• **Exercise aim**
The answer is the exact run of lines in the listing below from the line containing "How to Change Appbar Color in Flutter" up to and including the line containing "Metallic hoop earrings", with pictures removed.

• **Exercise inputs**
• • • •
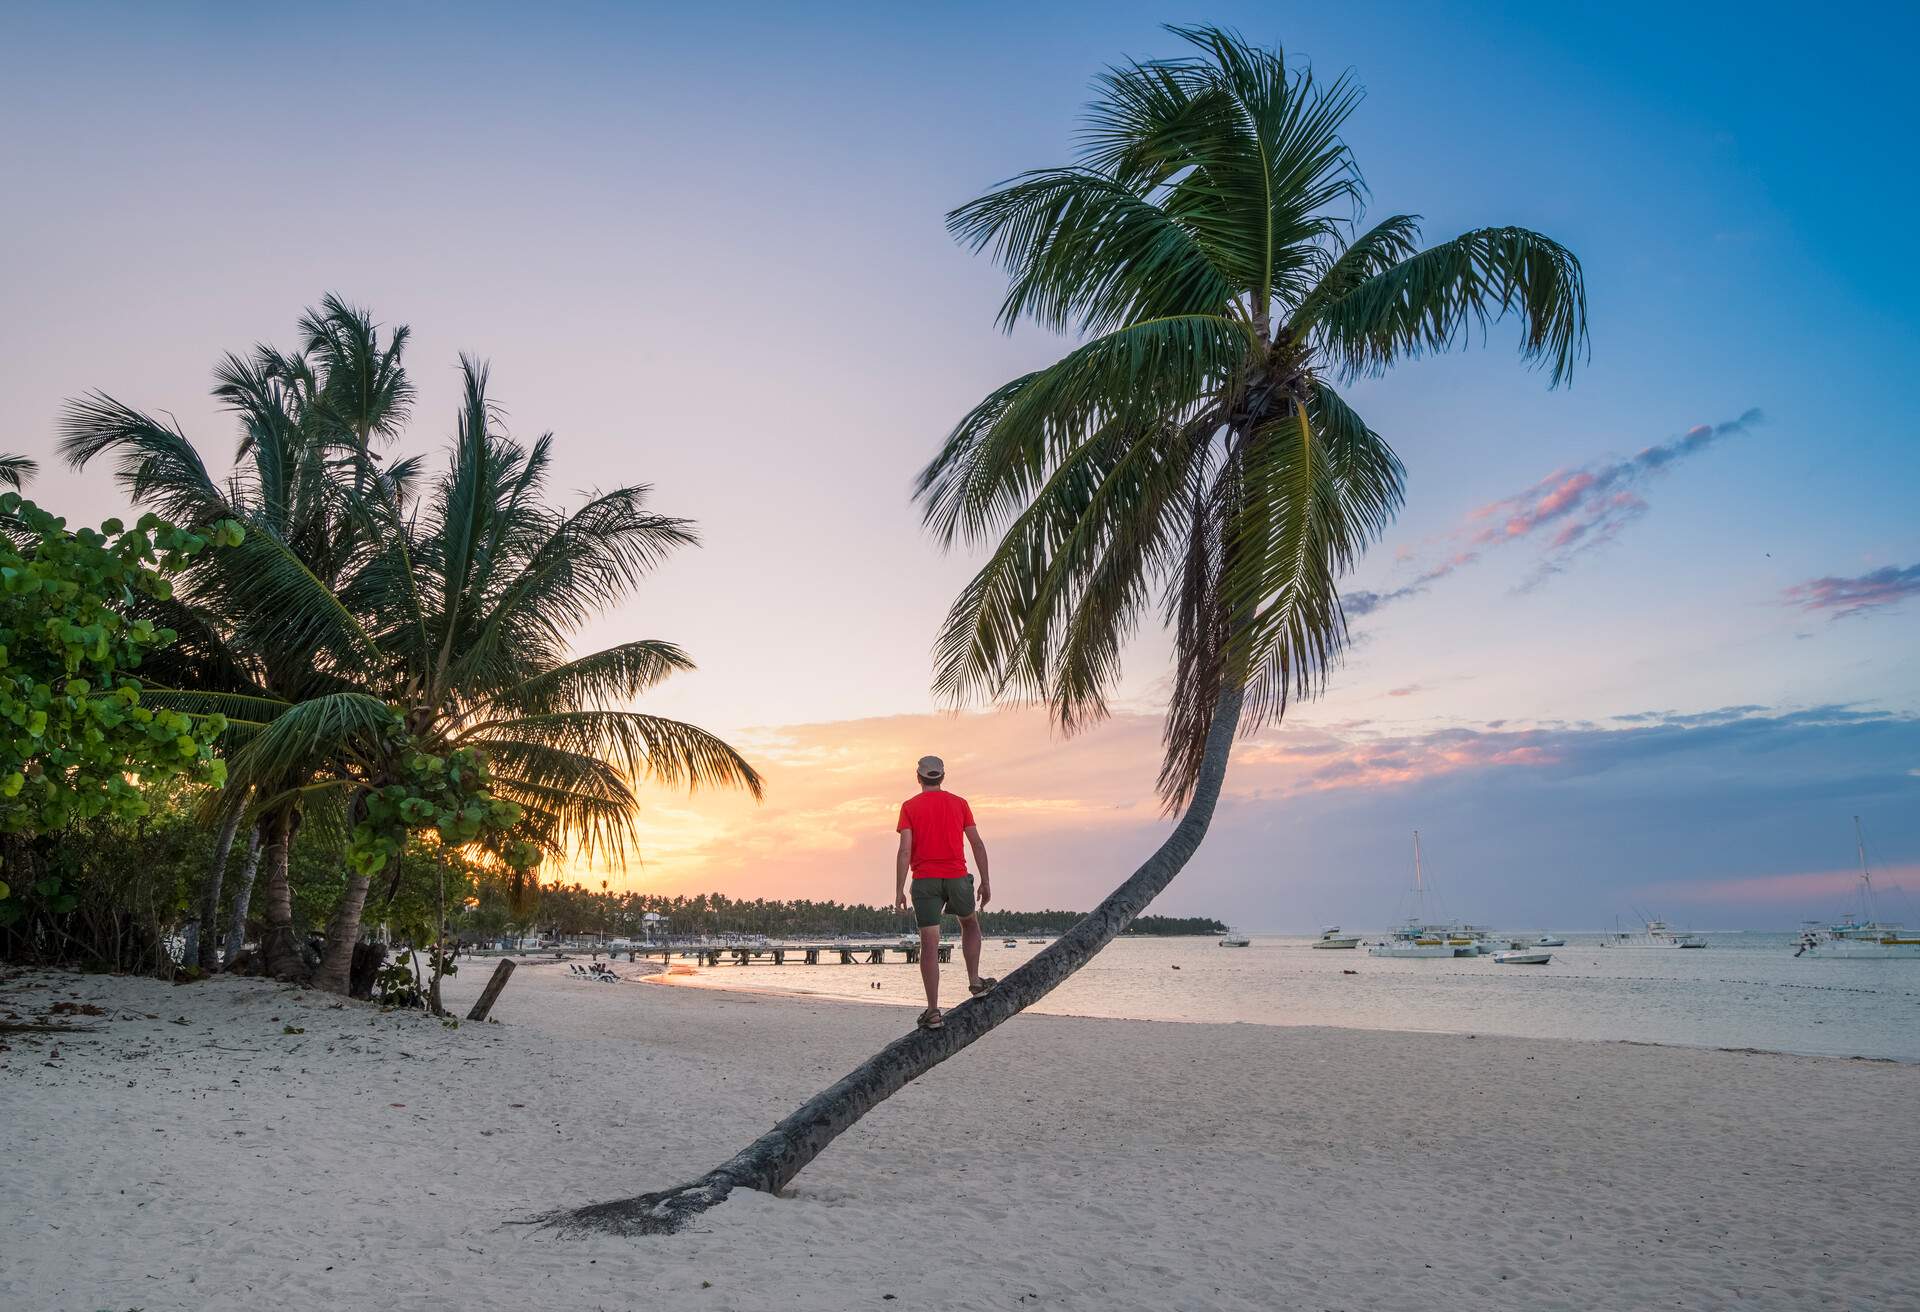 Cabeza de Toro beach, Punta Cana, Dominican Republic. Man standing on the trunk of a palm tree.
• • • •
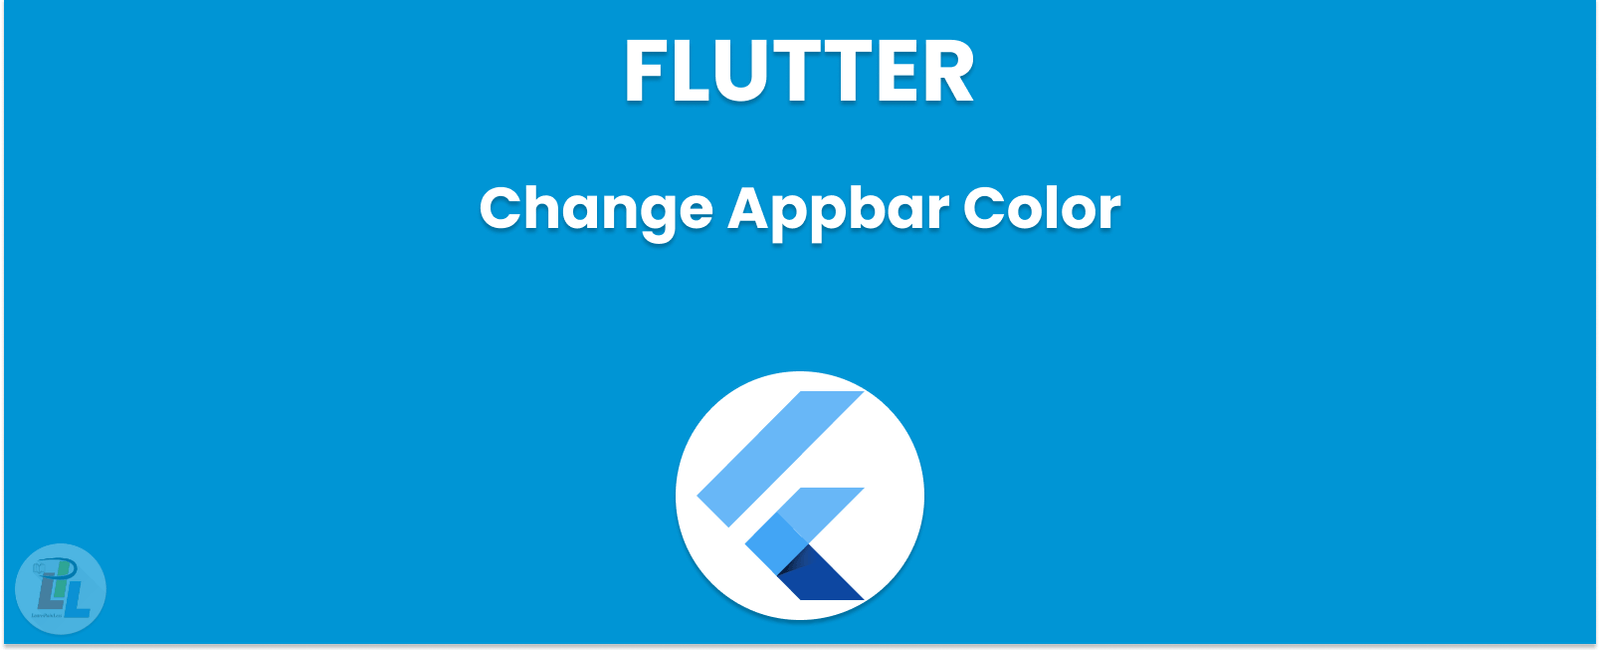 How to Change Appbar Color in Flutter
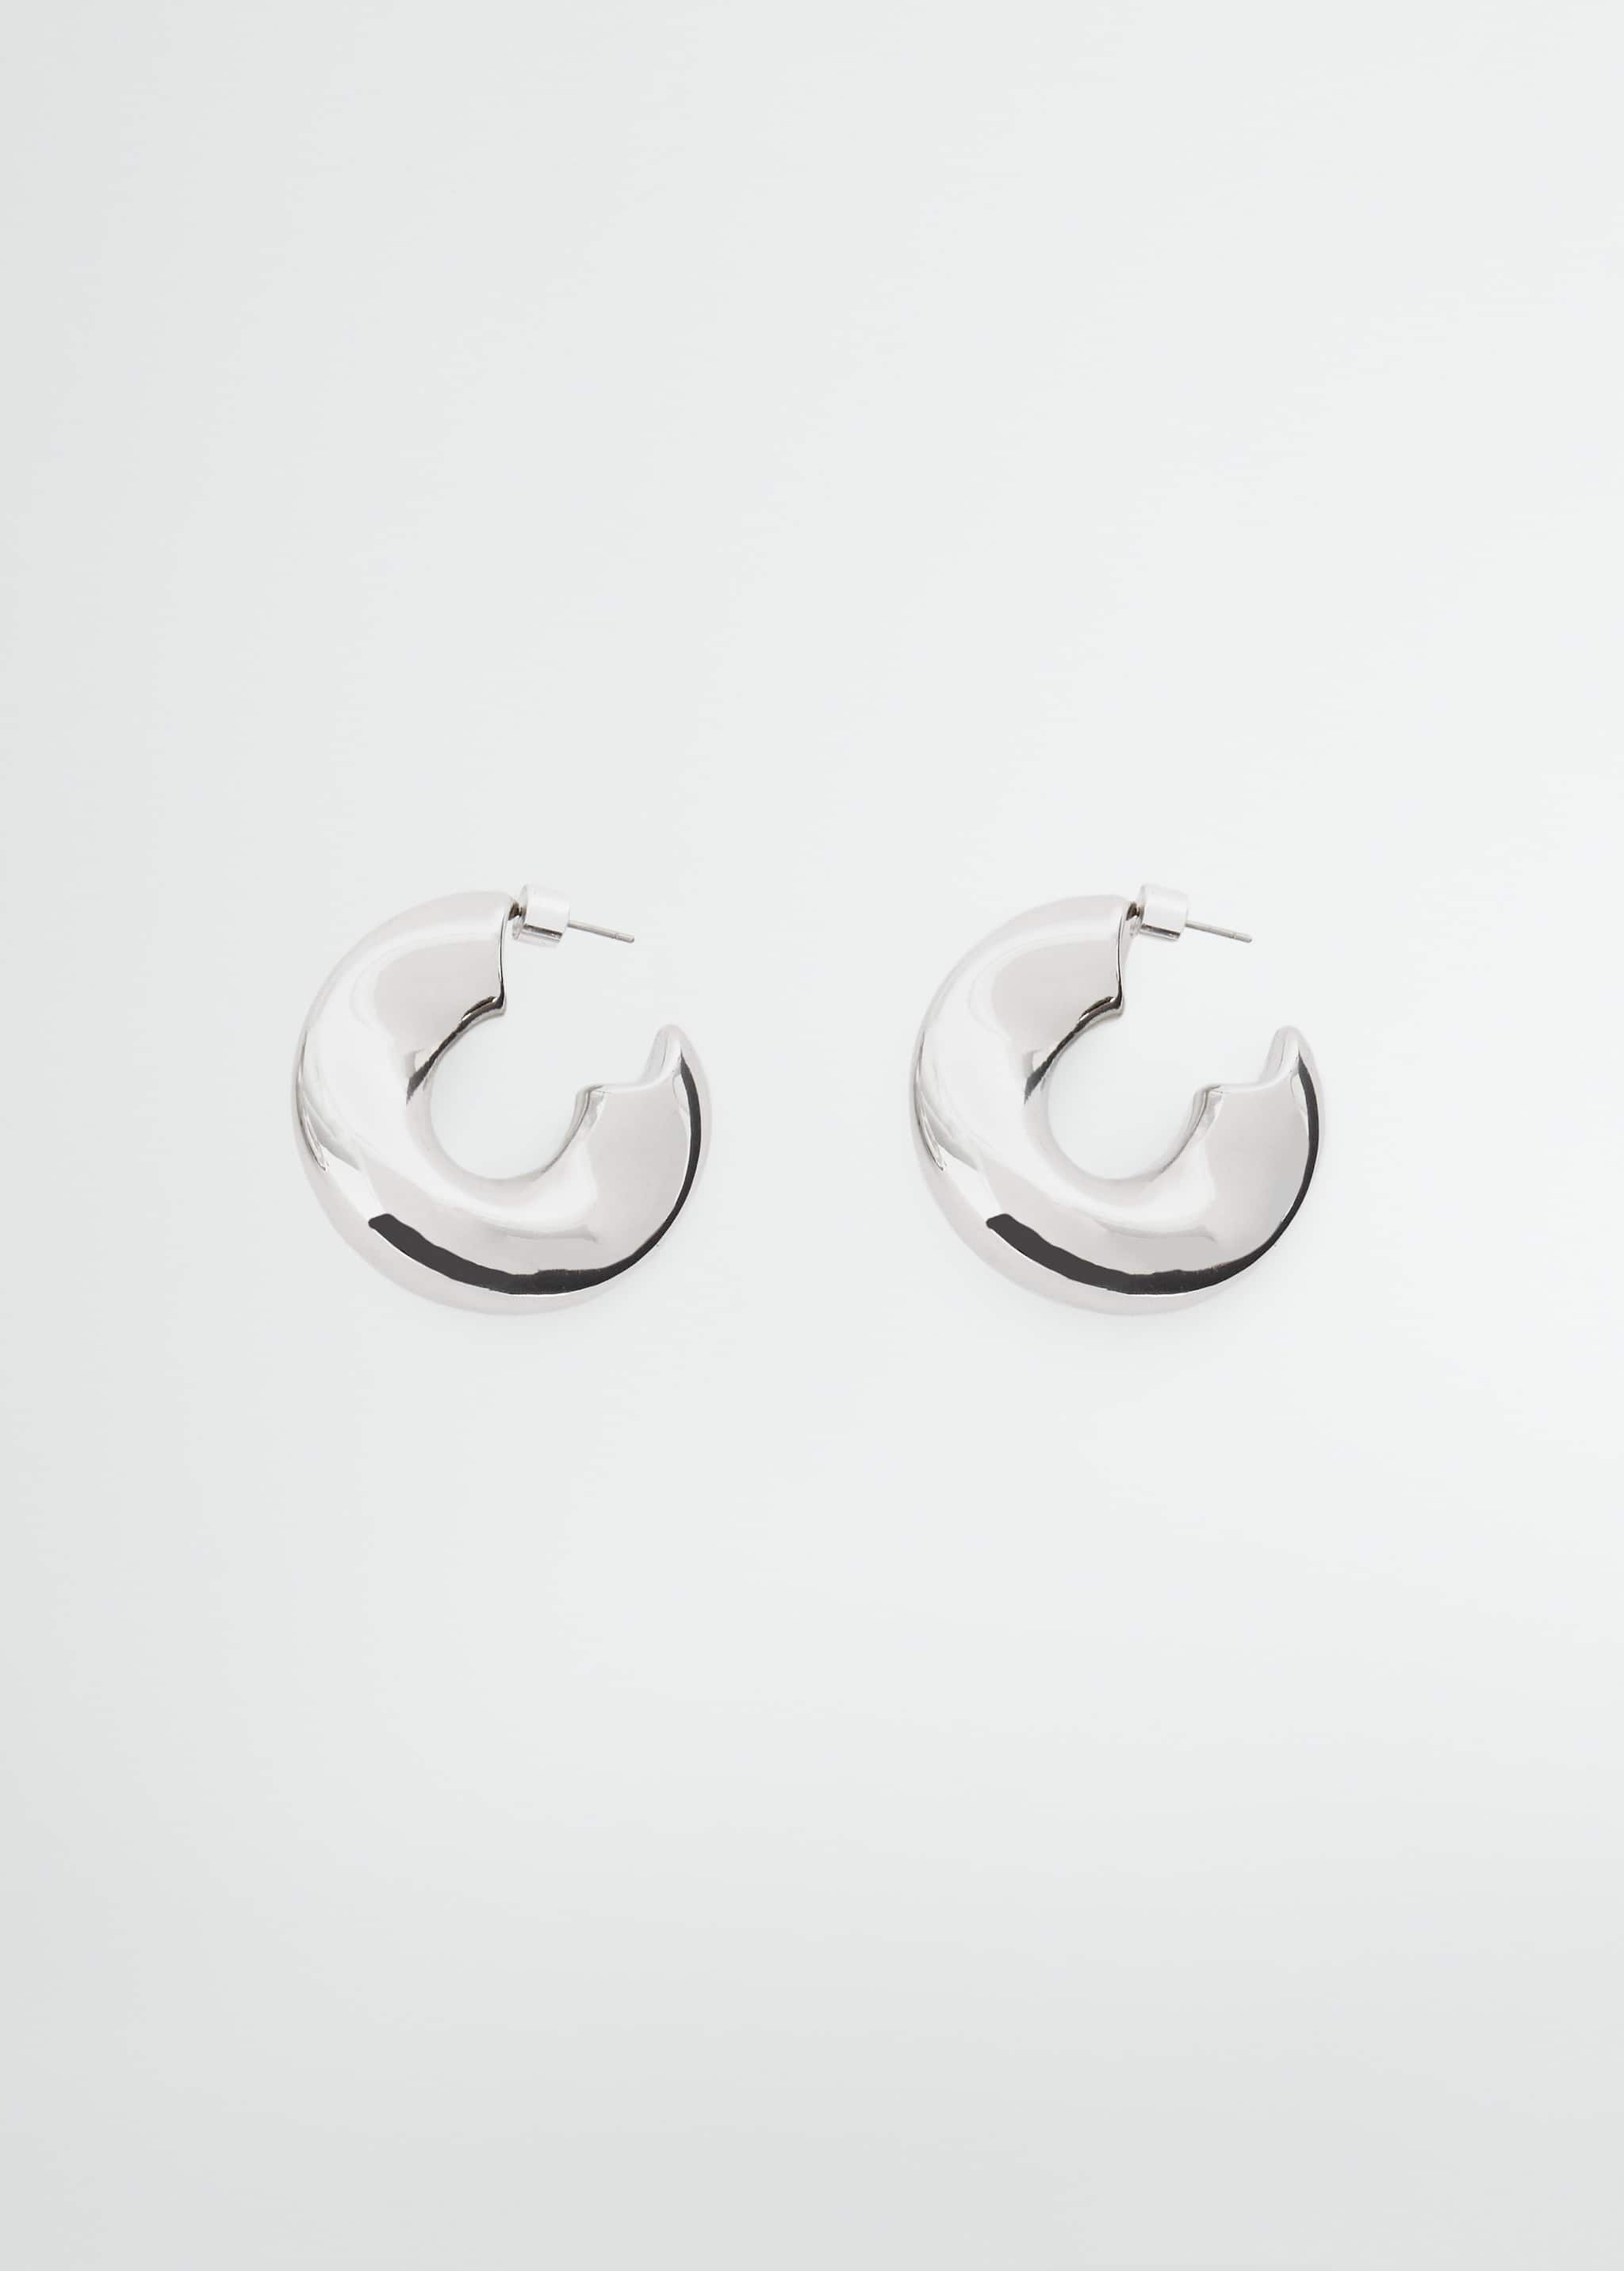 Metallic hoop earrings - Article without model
• • • •
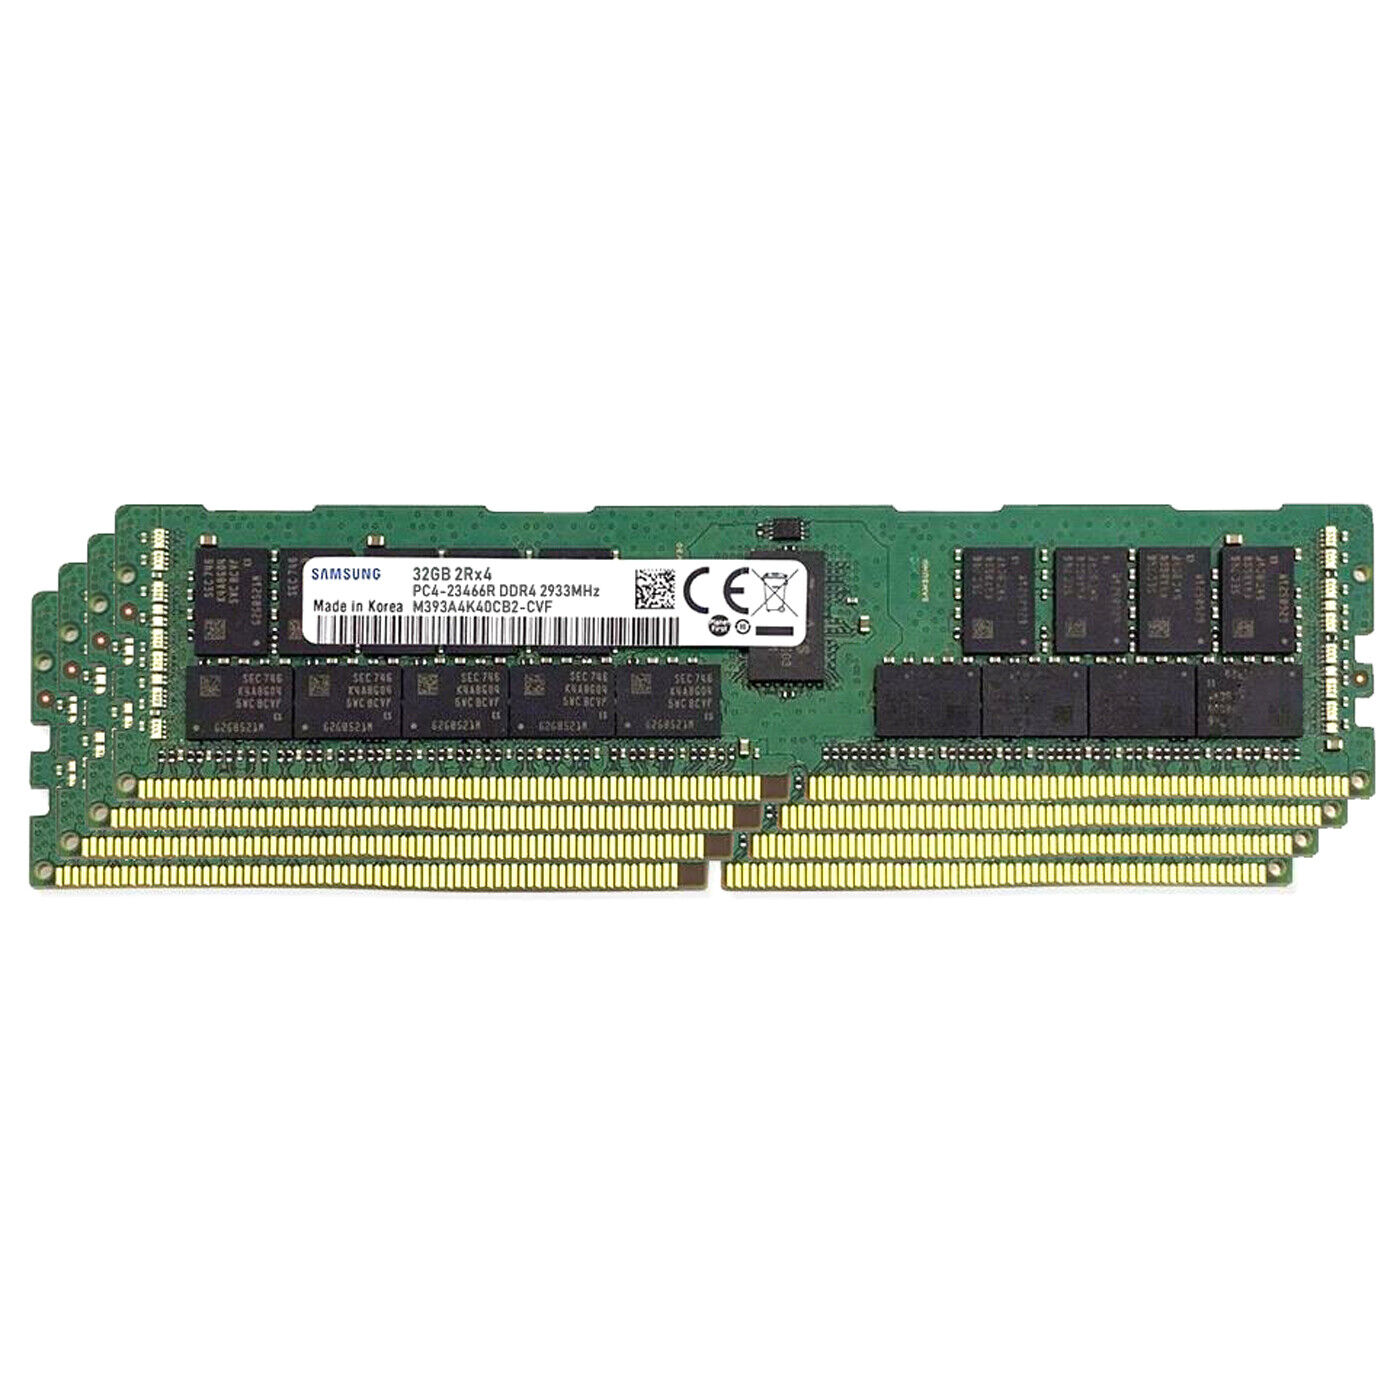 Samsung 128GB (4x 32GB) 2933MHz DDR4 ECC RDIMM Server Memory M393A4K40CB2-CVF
• • • •
• **Result of this exercise**
 How to Change Appbar Color in Flutter
 Metallic hoop earrings - Article without model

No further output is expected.